Moacyr não bebia; um espanto. Nada, de nada. Por não gostar conseguia escrever, limpo, clean, como se diz nos filmes americanos. Não que nós todos somos borrachos, longe disso! Moacyr escreveu, porque tinha o que escrever, sempre foi cheio de histórias, trouxe para a sua literatura os temas e o humor judaicos, recolhia o País em torno dele, em alguns momentos aproximou-se de Jorge Luis Borges. Foi cronista de jornal, da revista Seleções, redigia ensaios, escrevia livros, viajava. Há quem diga que ele não dormia. Judith, sua mulher de toda uma vida, ri, nega, conta que ele escrevia o tempo inteiro, até no avião. Homem disciplinado, controlava o tempo. Foi o que Judith revelou a Guiomar de Grammont, organizadora do Fórum das Letras de Ouro Preto, que escreveu neste jornal, domingo passado, belíssima crônica, dizendo o que todos gostaríamos de ter dito. Emocionante memorabilia. Ali está o jeito simples de Scliar, sua não afetação, o homem tranquilo, preocupado com os outros, sua maneira gaúcha de falar, o tu sempre presente, seus encontros com leitores, estudantes e iniciantes.
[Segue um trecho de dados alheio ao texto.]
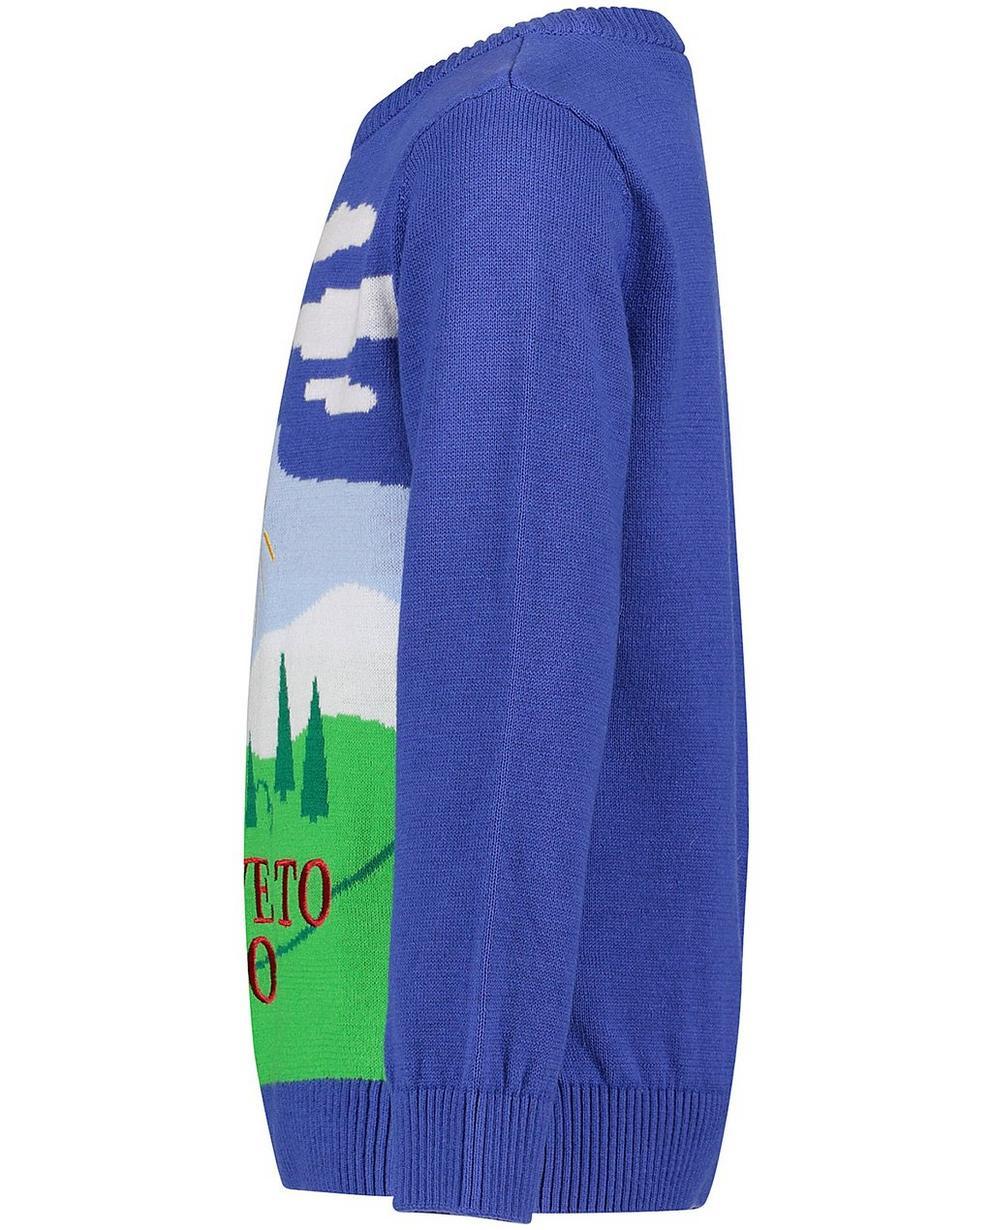 Truien - BLD - Lavendelblauwe trui

O homem que nunca contava sobre o que estava escrevendo. A não ser talvez para os íntimos. Não me lembro de ter lido notícias sobre no que estava trabalhando. Quando a notícia chegava, ele já tinha terminado. Era dos poucos escritores brasileiros que lia livros de outros companheiros, sabia o que estava se passando, citava nomes em entrevistas (coisa rara). Participei dos entrevistadores do Roda Viva da TV Cultura, ano passado, quando ele estava no centro da conversa. Depois nos encontramos no Palácio do Governo, quando recebemos a Comenda da Ordem do Ipiranga. Não podia saber que estávamos nos despedindo. No coquetel, quando levantei a taça de Prosecco e ele ergueu o copo de suco, brindamos pela última vez na vida.
Quando fui a Porto Alegre no dia 20 de janeiro, ele já estava na UTI e tinha sofrido uma cirurgia seguida de um AVC. Estava sedado, assim permaneceu. Num sábado, final do dia, falei com Judith e ela se abriu, dolorida: "Moacyr deve partir entre agora e amanhã". Na madrugada, Scliar se foi. Fará falta!